DATA:

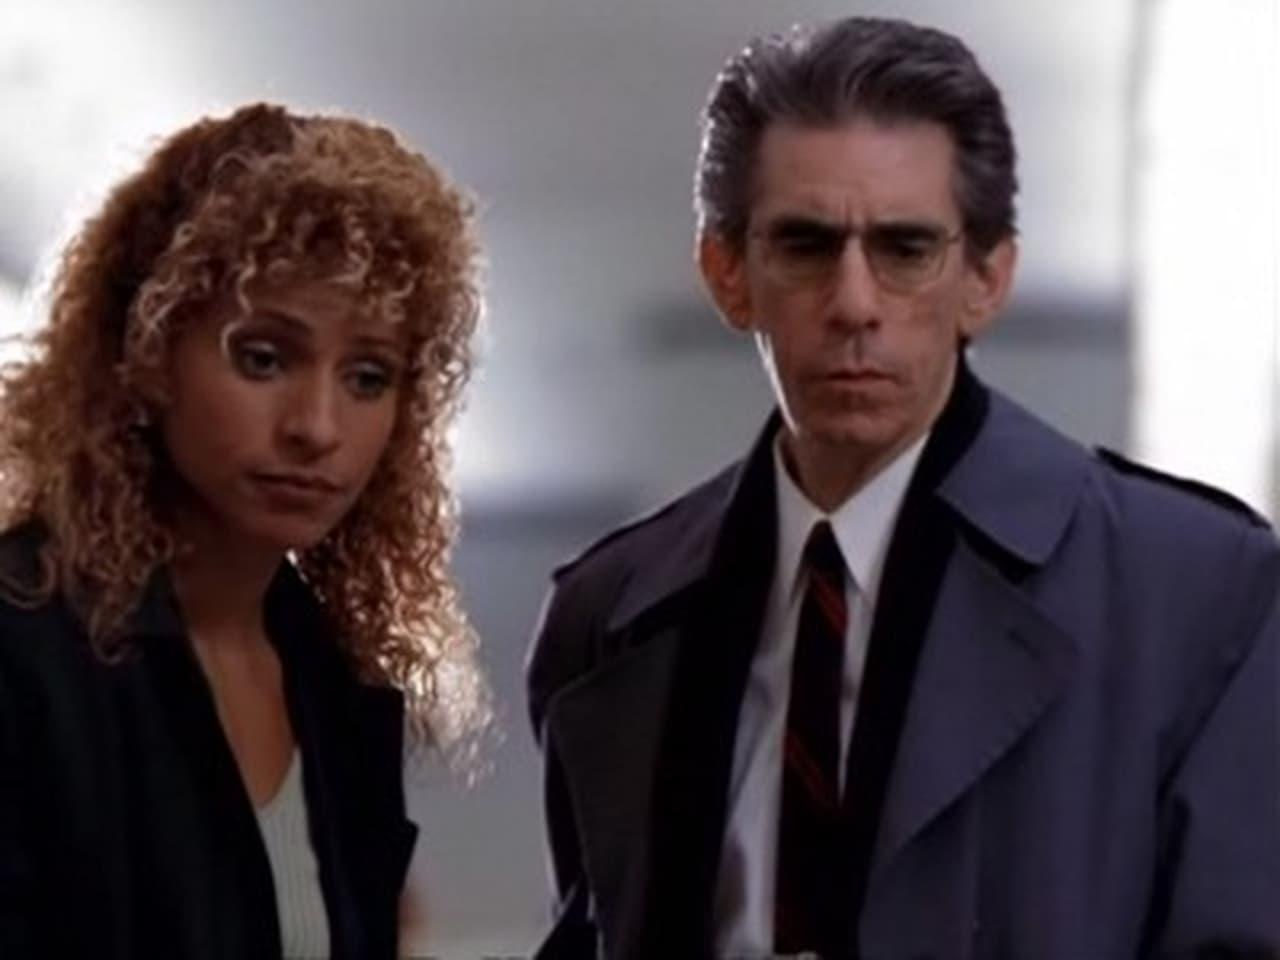 Law & Order: Special Victims Unit - Season 1 Episode 14 : Limitations
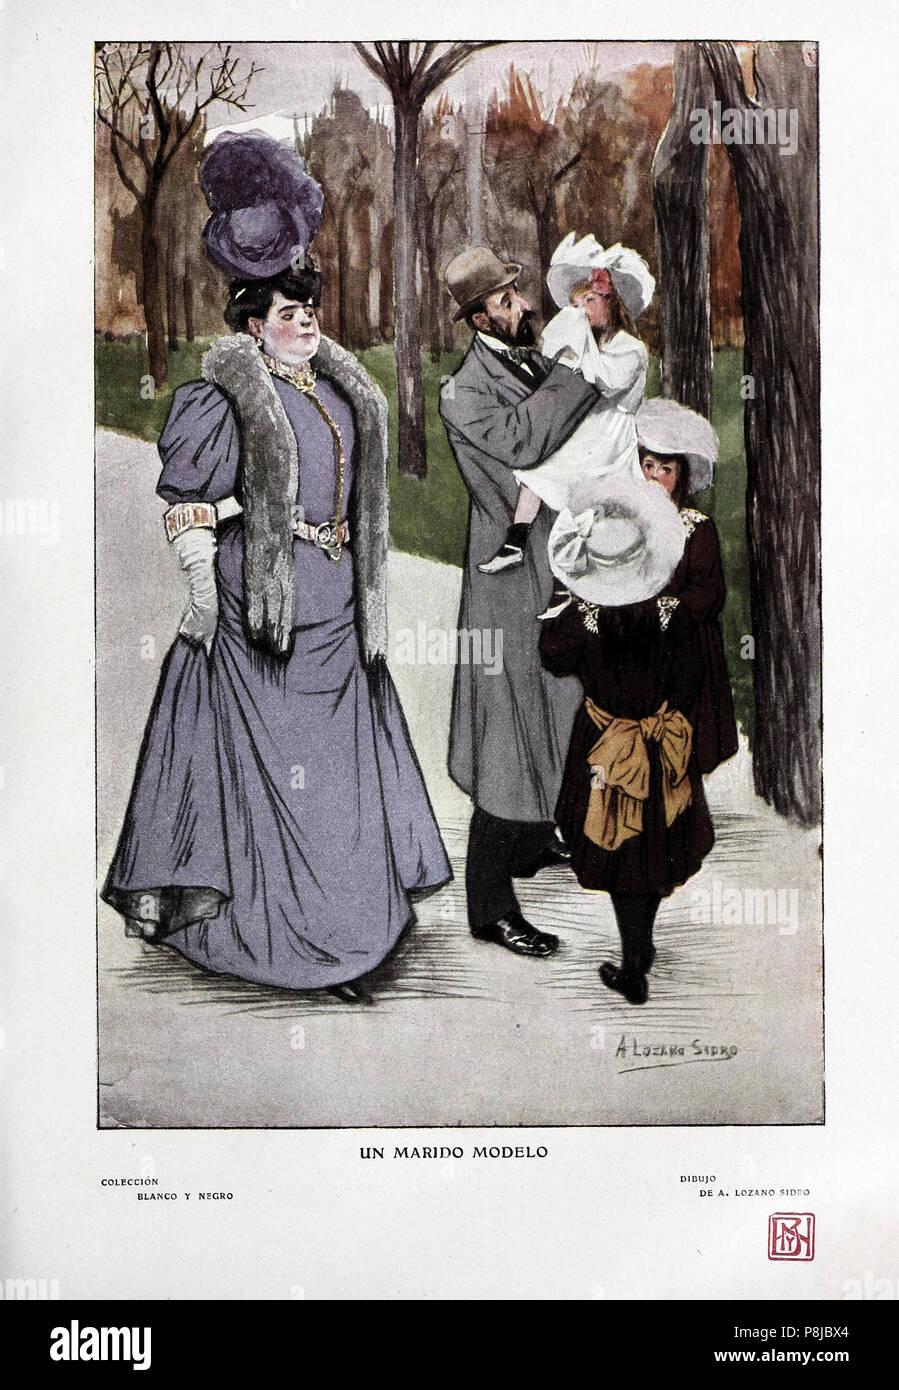 . 566 ONU modelo, marido de Lozano Sidro, Blanco y Negro, 08-06-1907 Imagen De Stock
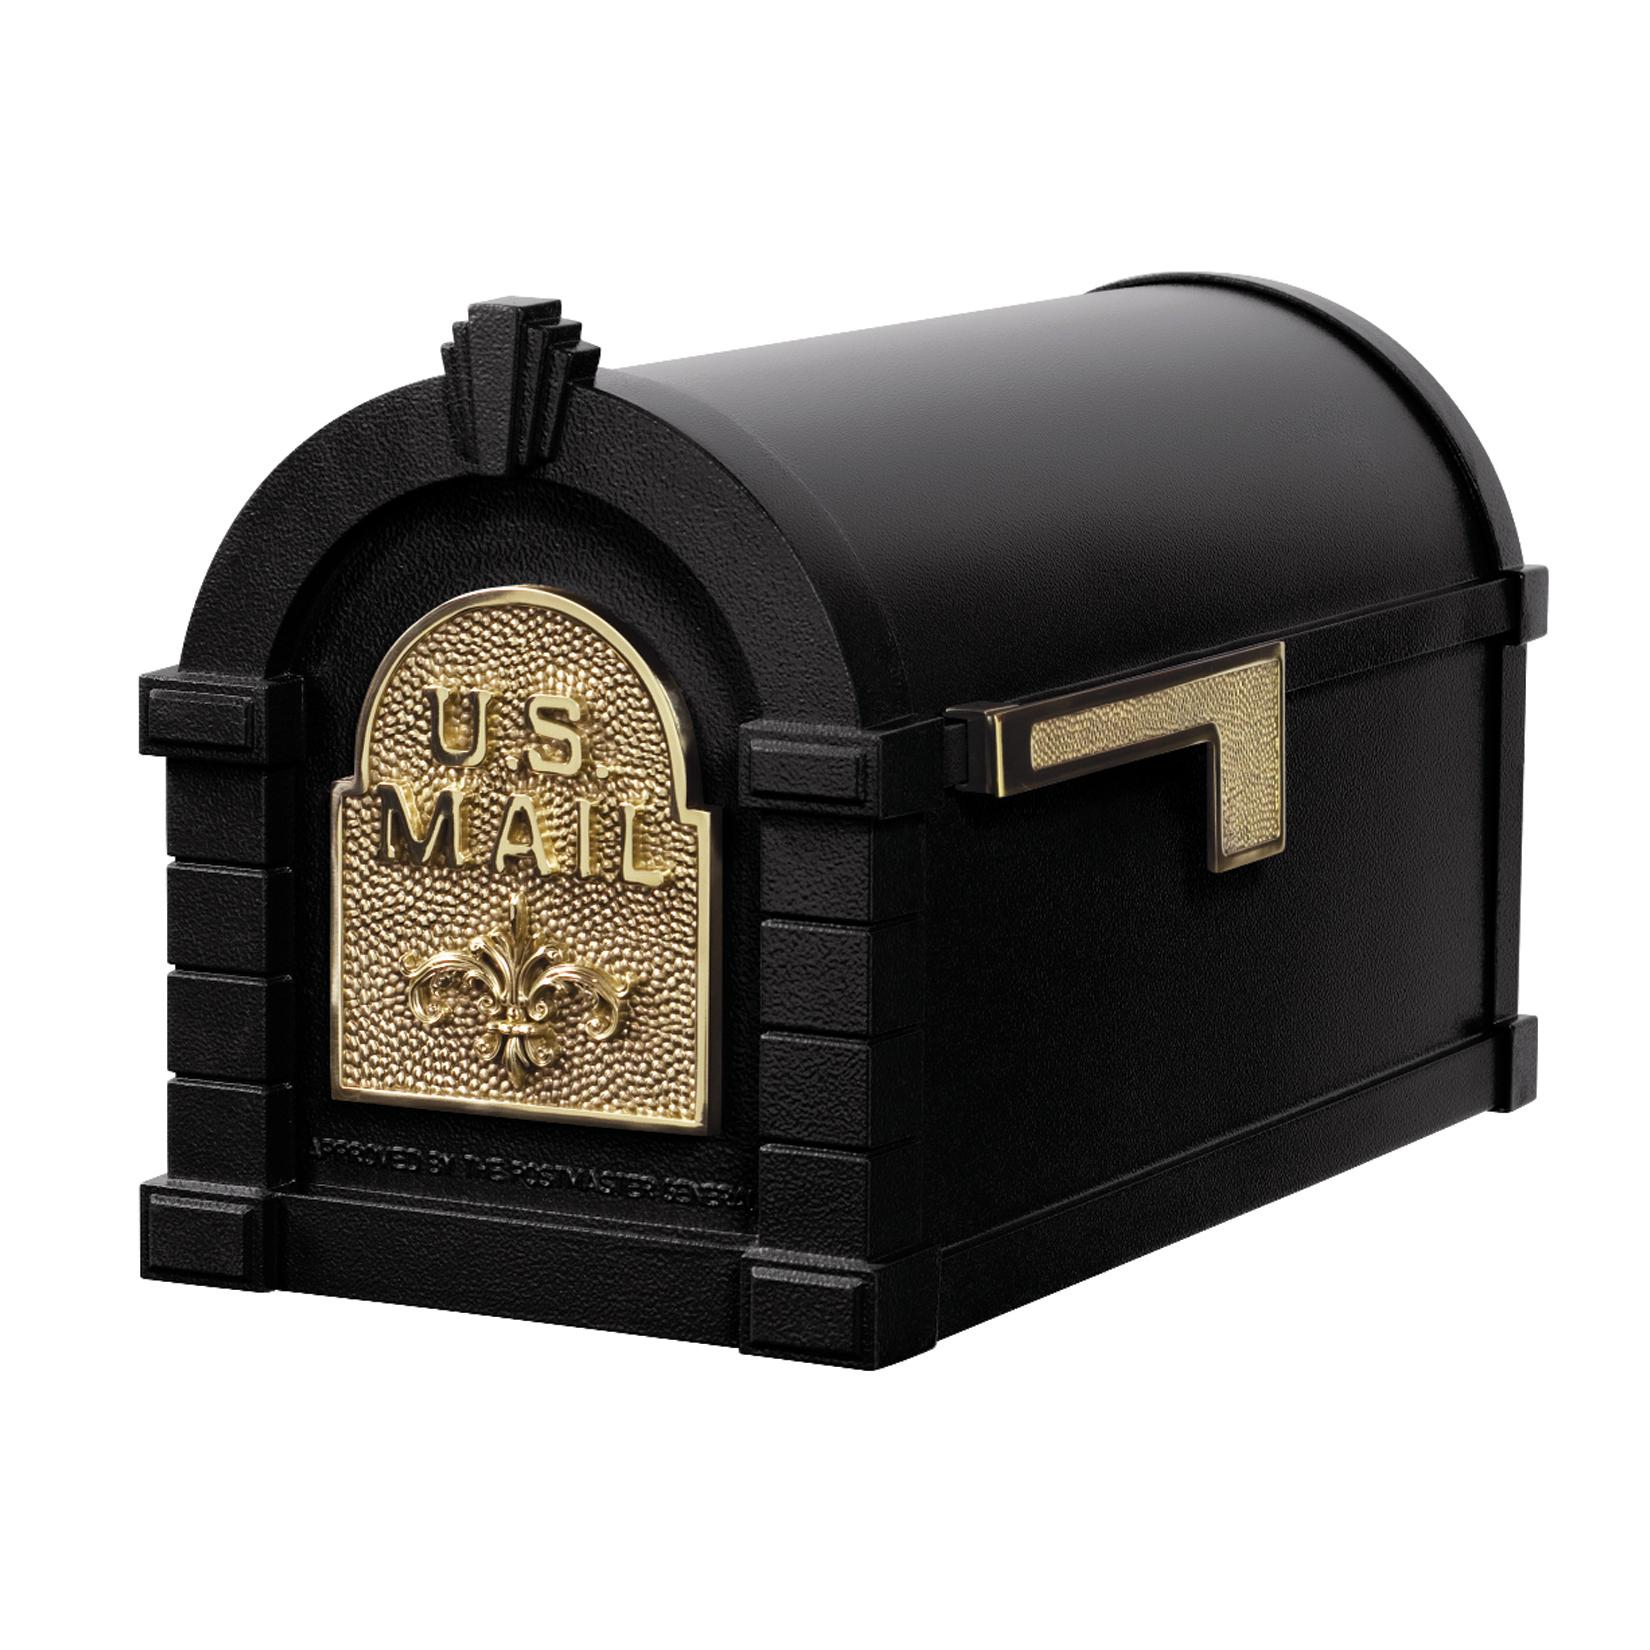 Gaines Fleur De Lis Keystone Mailboxes - Black with Polished Brass

EXERCISE AIM:
Take the line containing "Imagen De Stock" and all lines after it to the end of the data above, and reproduce them exactly, leaving out pictures. Nothing else belongs in the copy.

OUTPUT OF THE TASK:
 . 566 ONU modelo, marido de Lozano Sidro, Blanco y Negro, 08-06-1907 Imagen De Stock
 Gaines Fleur De Lis Keystone Mailboxes - Black with Polished Brass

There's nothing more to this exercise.